### Exercise data

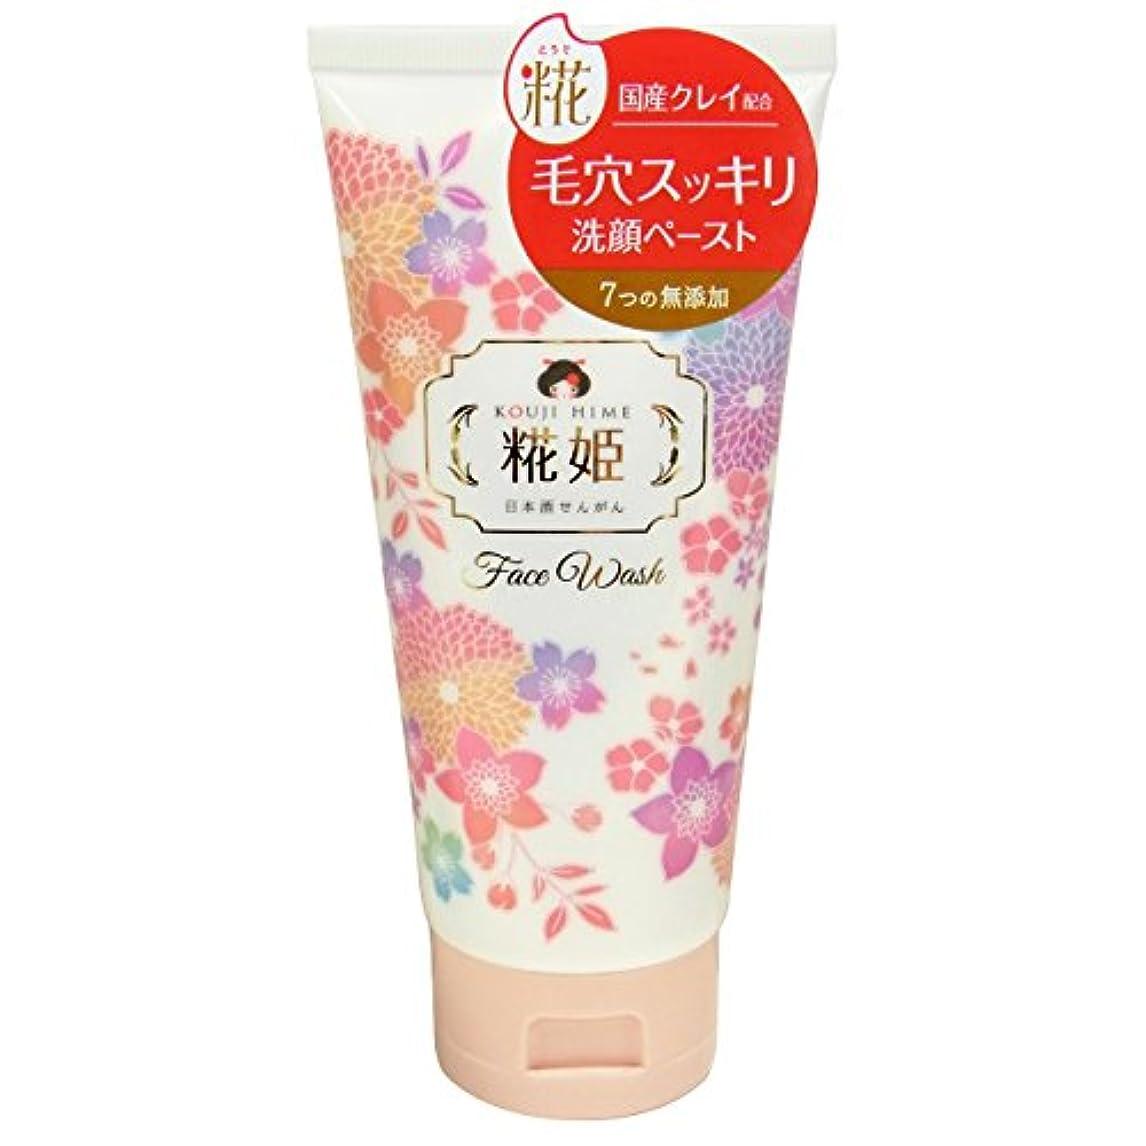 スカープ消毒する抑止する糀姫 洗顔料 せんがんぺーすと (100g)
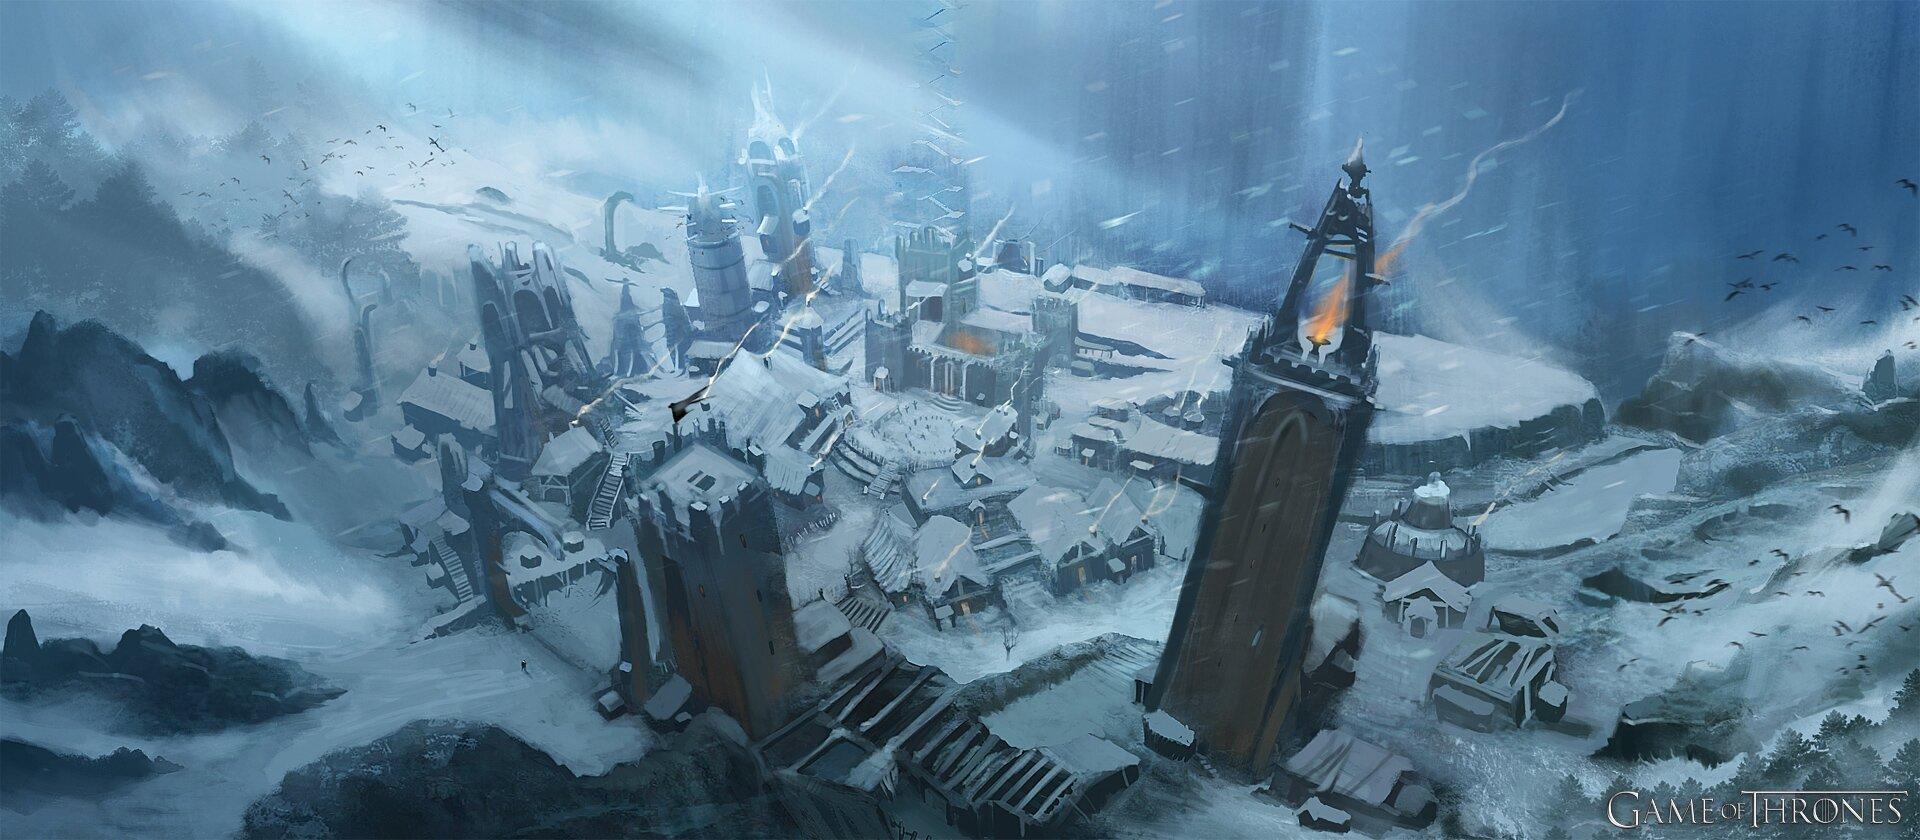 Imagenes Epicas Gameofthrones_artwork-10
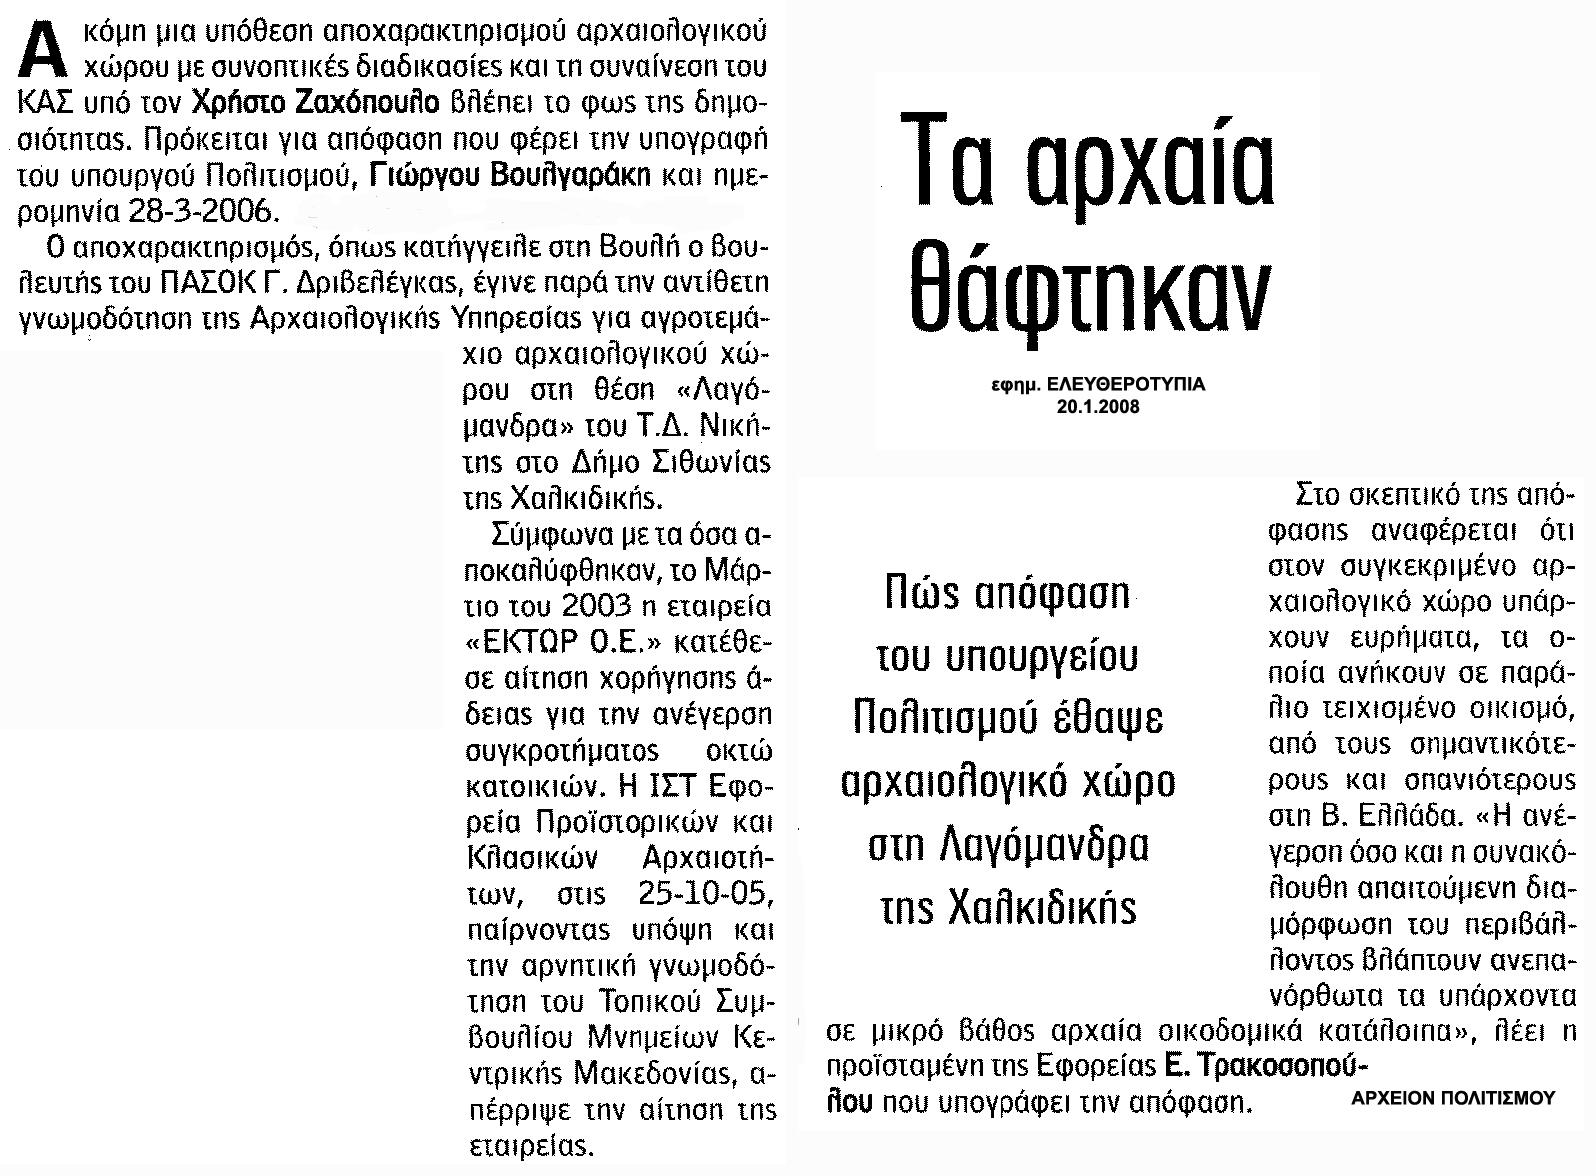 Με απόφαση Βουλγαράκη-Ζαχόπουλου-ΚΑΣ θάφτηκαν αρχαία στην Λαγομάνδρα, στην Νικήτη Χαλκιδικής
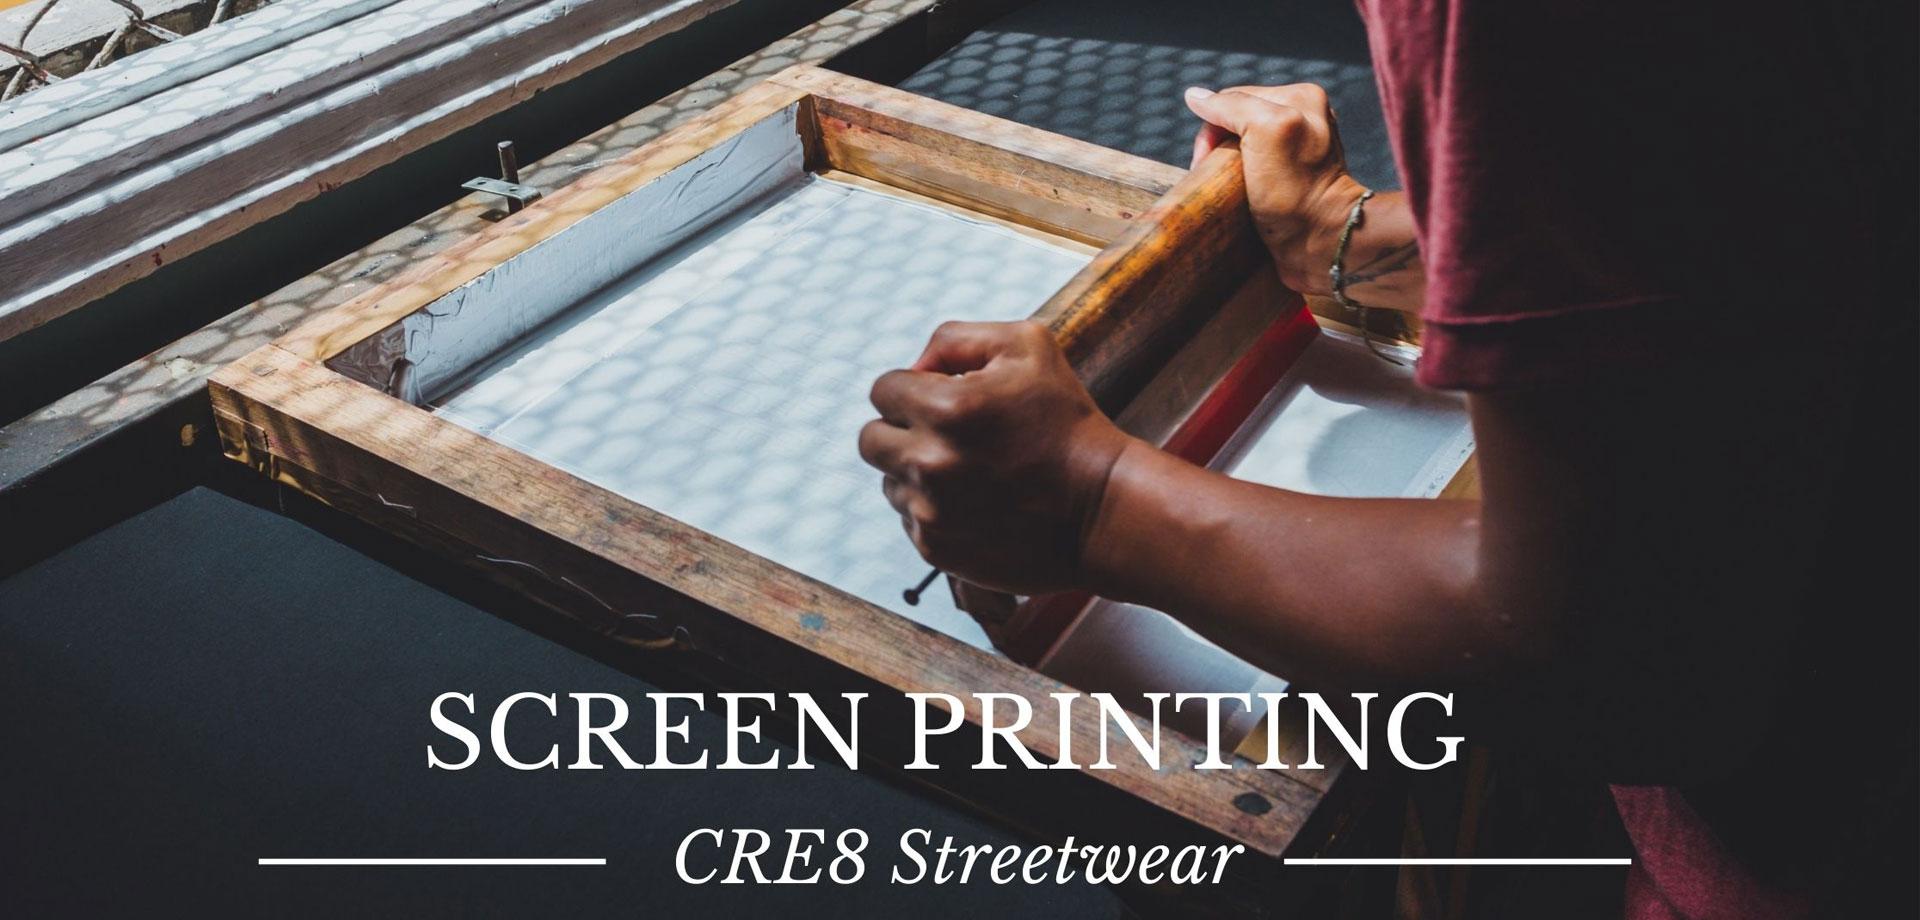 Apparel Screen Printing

### Aim of the task
Copy the listing exactly. Leave the pictures out.

### Answer to this problem
 スカープ消毒する抑止する糀姫 洗顔料 せんがんぺーすと (100g)
 Imagenes Epicas Gameofthrones_artwork-10
 Με απόφαση Βουλγαράκη-Ζαχόπουλου-ΚΑΣ θάφτηκαν αρχαία στην Λαγομάνδρα, στην Νικήτη Χαλκιδικής
 Apparel Screen Printing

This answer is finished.